TASK DESCRIPTION ▸ State the count of lines below in which the word "Color" appears, and add nothing.

Stored entries:
☆ ☆ ☆
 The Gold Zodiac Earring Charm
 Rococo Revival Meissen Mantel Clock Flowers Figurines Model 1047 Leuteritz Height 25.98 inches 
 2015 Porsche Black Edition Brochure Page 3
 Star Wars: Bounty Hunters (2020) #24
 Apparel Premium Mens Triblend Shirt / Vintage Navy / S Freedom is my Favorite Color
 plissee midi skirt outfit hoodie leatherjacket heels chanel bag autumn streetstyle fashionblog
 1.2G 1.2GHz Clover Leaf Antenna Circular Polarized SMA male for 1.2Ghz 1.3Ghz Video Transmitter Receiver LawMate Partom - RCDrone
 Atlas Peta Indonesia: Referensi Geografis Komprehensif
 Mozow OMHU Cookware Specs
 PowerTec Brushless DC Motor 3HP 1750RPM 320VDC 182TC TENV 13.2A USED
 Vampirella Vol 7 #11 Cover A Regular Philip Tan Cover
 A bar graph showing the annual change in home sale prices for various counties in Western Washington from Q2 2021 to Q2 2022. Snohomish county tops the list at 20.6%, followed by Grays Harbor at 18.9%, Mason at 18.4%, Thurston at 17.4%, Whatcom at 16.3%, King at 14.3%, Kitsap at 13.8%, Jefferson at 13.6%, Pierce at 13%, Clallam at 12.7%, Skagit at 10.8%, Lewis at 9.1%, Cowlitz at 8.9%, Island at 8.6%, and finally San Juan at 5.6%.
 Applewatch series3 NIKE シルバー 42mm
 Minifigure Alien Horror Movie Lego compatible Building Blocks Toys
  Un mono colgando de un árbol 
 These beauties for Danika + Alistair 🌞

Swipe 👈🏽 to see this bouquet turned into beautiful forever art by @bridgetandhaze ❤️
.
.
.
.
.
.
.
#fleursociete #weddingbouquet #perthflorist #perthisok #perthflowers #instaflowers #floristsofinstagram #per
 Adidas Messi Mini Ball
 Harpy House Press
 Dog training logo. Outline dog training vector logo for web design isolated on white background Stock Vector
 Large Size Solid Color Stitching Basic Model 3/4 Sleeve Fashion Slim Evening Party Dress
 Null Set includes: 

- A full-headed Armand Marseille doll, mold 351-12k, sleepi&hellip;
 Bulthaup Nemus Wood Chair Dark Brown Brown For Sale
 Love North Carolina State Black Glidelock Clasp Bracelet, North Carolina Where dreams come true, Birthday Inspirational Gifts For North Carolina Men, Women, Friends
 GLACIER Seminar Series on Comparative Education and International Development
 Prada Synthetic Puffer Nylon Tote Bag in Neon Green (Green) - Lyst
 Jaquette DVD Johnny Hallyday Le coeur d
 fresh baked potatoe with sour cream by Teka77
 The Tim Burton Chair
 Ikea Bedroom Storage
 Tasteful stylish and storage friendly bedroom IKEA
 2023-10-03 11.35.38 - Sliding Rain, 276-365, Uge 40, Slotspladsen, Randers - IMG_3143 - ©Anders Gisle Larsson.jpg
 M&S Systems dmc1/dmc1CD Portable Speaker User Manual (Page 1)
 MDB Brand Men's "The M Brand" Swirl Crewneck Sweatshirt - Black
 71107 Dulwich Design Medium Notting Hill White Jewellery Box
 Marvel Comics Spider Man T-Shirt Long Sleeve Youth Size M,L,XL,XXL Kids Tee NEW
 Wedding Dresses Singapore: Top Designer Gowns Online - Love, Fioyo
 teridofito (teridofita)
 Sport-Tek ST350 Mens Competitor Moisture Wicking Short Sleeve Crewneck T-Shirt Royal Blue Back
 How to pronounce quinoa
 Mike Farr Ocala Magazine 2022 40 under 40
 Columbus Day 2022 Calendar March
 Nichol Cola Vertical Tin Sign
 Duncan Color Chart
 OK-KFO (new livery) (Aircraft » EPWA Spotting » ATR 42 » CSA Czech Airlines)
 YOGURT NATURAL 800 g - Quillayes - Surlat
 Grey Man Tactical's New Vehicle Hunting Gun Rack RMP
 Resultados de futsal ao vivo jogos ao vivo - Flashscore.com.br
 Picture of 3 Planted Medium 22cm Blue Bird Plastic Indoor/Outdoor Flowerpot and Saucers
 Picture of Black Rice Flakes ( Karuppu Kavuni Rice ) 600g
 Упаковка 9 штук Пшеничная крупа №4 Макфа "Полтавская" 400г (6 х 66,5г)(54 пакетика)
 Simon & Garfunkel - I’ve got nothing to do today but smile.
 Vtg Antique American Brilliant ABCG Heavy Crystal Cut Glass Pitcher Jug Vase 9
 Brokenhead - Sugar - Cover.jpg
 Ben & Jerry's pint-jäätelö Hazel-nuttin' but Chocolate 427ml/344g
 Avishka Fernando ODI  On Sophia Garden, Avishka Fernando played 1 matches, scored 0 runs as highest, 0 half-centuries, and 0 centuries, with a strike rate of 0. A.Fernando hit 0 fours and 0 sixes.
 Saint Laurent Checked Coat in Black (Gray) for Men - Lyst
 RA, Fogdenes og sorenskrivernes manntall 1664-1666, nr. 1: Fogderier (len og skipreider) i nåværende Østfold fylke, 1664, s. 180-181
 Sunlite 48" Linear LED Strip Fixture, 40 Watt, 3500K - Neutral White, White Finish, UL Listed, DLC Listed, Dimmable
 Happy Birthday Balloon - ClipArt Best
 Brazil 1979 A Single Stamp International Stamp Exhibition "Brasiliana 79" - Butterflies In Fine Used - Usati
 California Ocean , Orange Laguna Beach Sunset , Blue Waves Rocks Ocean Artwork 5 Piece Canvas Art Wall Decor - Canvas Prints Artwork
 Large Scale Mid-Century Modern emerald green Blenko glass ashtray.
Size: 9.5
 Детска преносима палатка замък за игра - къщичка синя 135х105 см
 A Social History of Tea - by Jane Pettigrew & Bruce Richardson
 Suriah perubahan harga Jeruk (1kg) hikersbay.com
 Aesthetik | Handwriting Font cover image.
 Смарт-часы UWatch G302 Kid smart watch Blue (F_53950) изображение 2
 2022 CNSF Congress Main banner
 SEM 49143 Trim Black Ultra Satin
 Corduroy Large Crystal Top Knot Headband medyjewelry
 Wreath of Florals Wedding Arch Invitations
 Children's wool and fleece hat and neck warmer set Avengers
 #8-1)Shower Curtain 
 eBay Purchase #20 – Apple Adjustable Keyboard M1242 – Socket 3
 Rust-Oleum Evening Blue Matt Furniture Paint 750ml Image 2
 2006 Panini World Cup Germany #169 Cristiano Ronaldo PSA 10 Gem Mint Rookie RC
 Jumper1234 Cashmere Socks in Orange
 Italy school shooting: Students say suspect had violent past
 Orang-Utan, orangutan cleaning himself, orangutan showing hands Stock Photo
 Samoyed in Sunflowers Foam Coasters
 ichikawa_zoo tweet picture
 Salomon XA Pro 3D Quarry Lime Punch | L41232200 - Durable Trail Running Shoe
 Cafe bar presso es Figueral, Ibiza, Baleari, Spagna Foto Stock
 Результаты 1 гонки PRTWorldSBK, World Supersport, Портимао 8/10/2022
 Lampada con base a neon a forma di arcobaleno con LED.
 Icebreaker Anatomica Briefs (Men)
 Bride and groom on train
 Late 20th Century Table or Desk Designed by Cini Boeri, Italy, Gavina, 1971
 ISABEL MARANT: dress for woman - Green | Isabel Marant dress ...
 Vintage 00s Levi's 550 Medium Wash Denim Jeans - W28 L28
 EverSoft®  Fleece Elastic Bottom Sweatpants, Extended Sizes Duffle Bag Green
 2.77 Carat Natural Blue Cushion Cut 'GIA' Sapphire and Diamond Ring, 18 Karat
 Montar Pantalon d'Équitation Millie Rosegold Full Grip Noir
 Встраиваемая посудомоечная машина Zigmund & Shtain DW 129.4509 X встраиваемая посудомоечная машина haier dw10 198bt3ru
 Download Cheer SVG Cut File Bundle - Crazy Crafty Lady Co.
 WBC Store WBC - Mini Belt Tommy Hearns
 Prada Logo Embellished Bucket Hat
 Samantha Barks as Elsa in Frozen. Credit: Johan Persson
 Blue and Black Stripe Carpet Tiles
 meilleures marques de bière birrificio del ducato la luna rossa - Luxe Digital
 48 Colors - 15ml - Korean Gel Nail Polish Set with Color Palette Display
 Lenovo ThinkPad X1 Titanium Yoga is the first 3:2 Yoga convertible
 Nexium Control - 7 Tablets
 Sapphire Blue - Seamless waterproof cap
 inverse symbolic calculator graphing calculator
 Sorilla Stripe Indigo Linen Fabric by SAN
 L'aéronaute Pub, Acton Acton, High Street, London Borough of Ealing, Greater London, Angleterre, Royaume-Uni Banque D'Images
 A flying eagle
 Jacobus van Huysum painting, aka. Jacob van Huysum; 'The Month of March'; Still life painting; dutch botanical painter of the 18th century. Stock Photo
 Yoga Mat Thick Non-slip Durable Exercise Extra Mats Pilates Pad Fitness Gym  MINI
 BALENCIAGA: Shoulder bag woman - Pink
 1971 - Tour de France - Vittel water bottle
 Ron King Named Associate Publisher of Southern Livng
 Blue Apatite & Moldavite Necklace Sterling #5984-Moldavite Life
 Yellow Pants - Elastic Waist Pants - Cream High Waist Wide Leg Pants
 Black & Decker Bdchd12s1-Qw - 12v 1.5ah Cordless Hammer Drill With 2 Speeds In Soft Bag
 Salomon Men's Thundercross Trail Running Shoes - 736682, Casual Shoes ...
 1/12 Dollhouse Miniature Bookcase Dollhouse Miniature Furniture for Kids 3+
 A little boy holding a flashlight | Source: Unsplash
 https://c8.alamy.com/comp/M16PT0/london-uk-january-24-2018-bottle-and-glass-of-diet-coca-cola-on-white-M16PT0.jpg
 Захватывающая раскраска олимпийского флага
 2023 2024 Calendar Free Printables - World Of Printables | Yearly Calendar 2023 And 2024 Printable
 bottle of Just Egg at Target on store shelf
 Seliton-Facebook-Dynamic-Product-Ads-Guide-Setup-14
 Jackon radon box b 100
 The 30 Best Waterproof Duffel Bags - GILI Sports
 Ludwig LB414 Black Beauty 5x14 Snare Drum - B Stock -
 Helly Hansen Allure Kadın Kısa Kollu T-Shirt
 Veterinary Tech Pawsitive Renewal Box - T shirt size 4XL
☆ ☆ ☆
RESPONSE AREA ▸ 4